Also, to expand on the NBOMe discussion from earlier, there are also NBOH's

And Mescaline-NBOMe


----------



## Budget Buds (Mar 16, 2014)

Another 200 posts of absolute garbage. I'm surprised someone hasn't banned you from this site along time ago. You bring NOTHING positive to this website by means of experience or information, And all you do is cloud up the search function with your useless babble and even more useless "Information" you copy and paste. When someone posts to one of your threads, it is not unusual for you to reply 5 or 6 times with one liner's when one well thought out paragraph would be more then sufficient. Maybe you just lack the brain processes to to for one , or maybe you do get paid to type useless babble by the post. Either way I think you are not a very good RIU'er


----------



## Finshaggy (Mar 16, 2014)

Budget Buds said:


> Another 200 posts of absolute garbage. I'm surprised someone hasn't banned you from this site along time ago. You bring NOTHING positive to this website by means of experience or information, And all you do is cloud up the search function with your useless babble and even more useless "Information" you copy and paste. When someone posts to one of your threads, it is not unusual for you to reply 5 or 6 times with one liner's when one well thought out paragraph would be more then sufficient. Maybe you just lack the brain processes to to for one , or maybe you do get paid to type useless babble by the post. Either way I think you are not a very good RIU'er


 

People thank me specifically for me posts in the Hallucinogenics section all the time. Just not here because there is SO MUCH flaming. But every once in a while someone says exactly what you are saying but in another section, and one lone soul will chime in and say that I do post good stuff in the Hallucinogenics section.

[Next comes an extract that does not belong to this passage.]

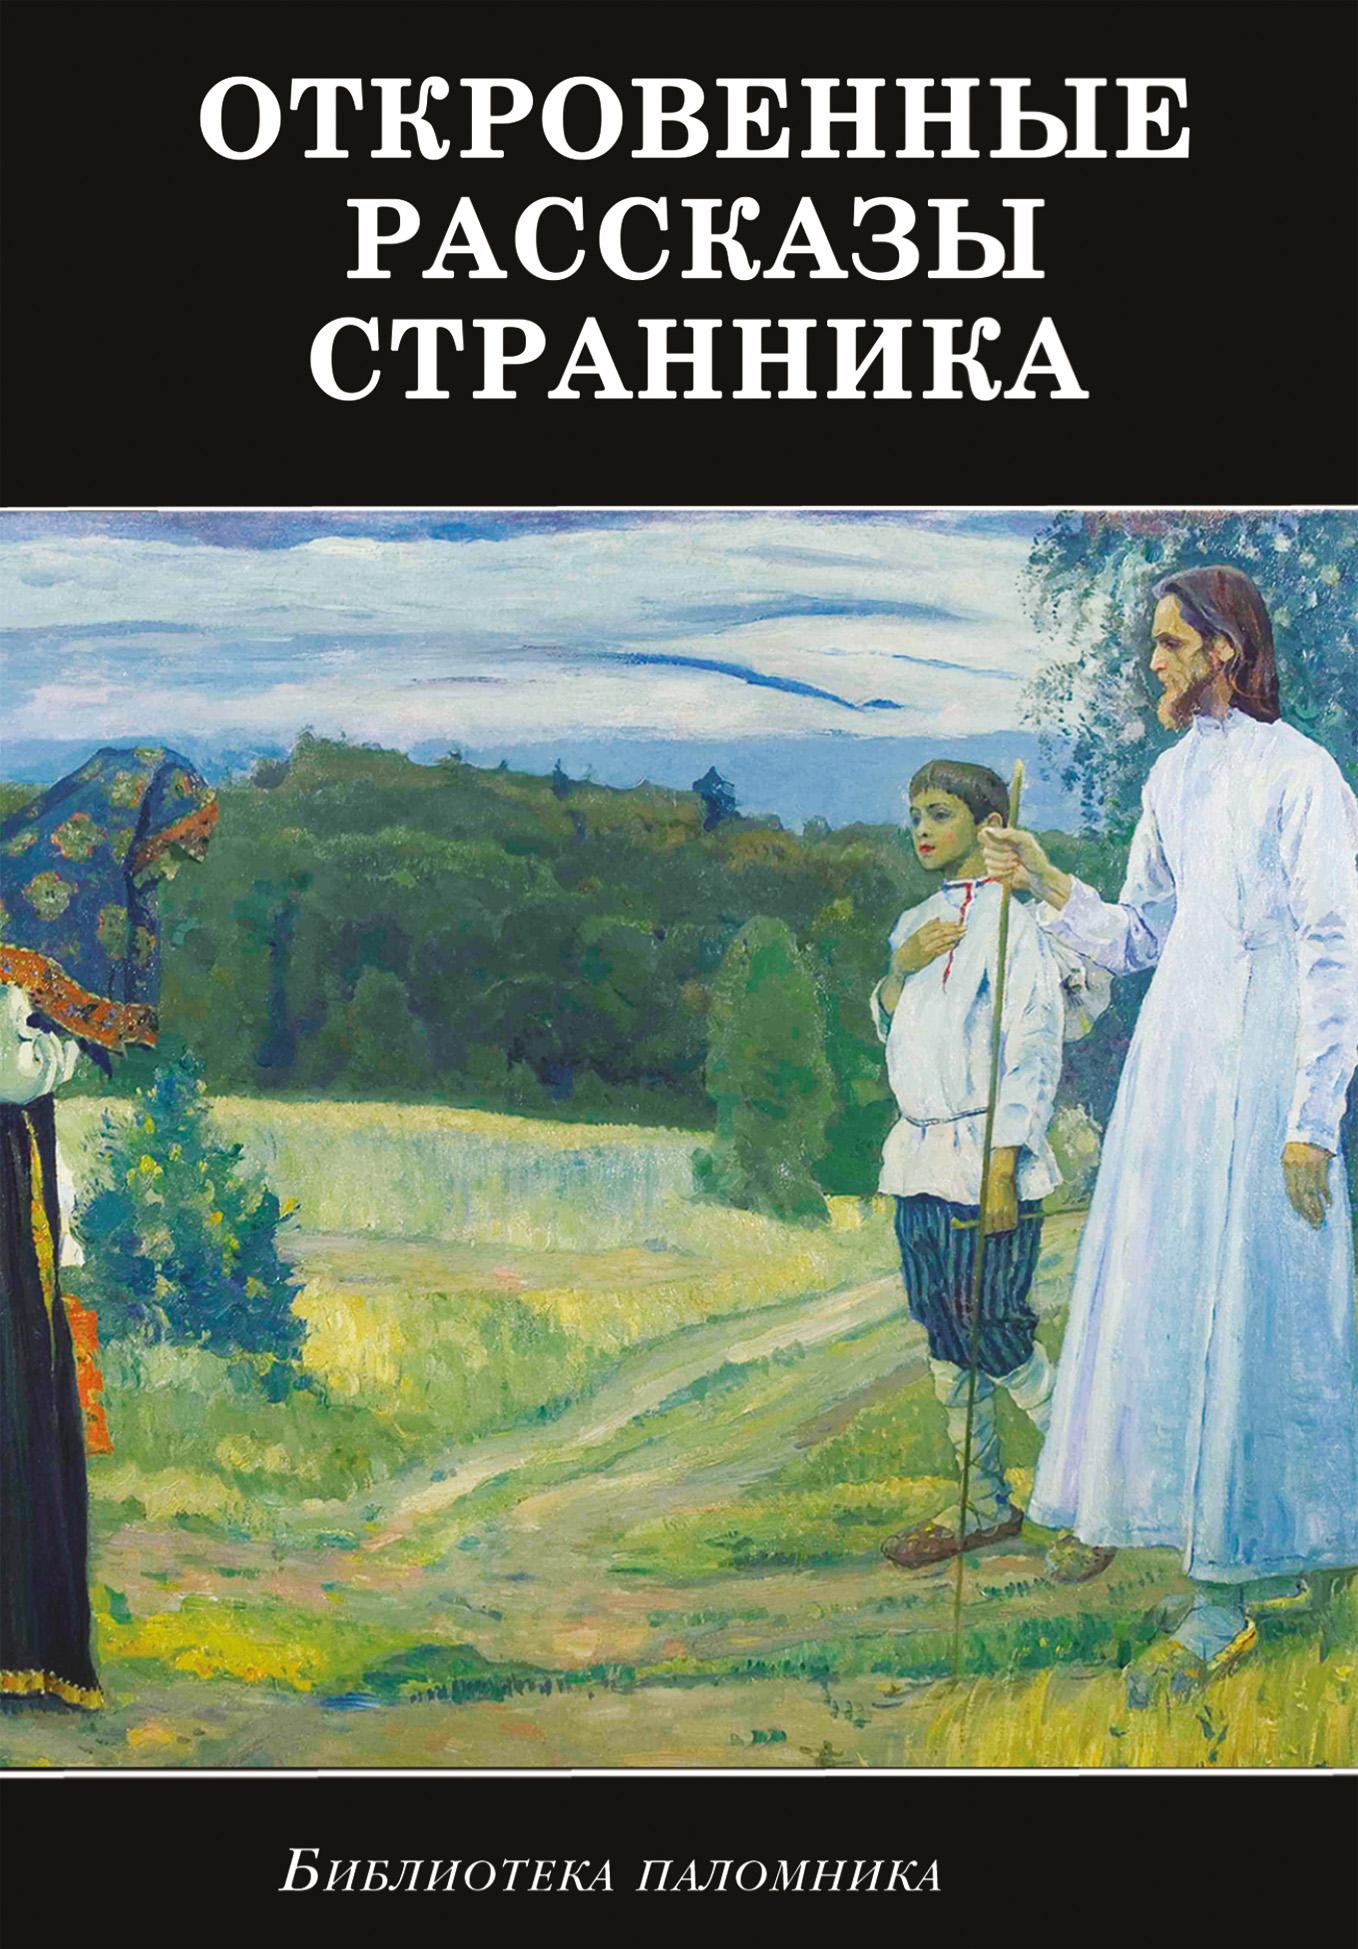 Откровенные рассказы странника духовному своему отцу

I just get flamed SO HARD that most of my threads become useless to anyone not willing to sift through troll shit, but that is not a bad thing, maybe only people that are willing to sift through troll shit should read the stuff I write.


----------



## Finshaggy (Mar 16, 2014)

Budget Buds said:


> Either way I think you are not a very good RIU'er


 I'm so hurt


----------



## Doritos (Mar 16, 2014)

I think finshaggy is of the belief that only he experiences 'creative' thoughts whilst smoking cannabis. Straight, its mainly useless dribble.


----------



## Finshaggy (Mar 16, 2014)

Doritos said:


> I think finshaggy is of the belief that only he experiences 'creative' thoughts whilst smoking cannabis. Straight, its mainly useless dribble.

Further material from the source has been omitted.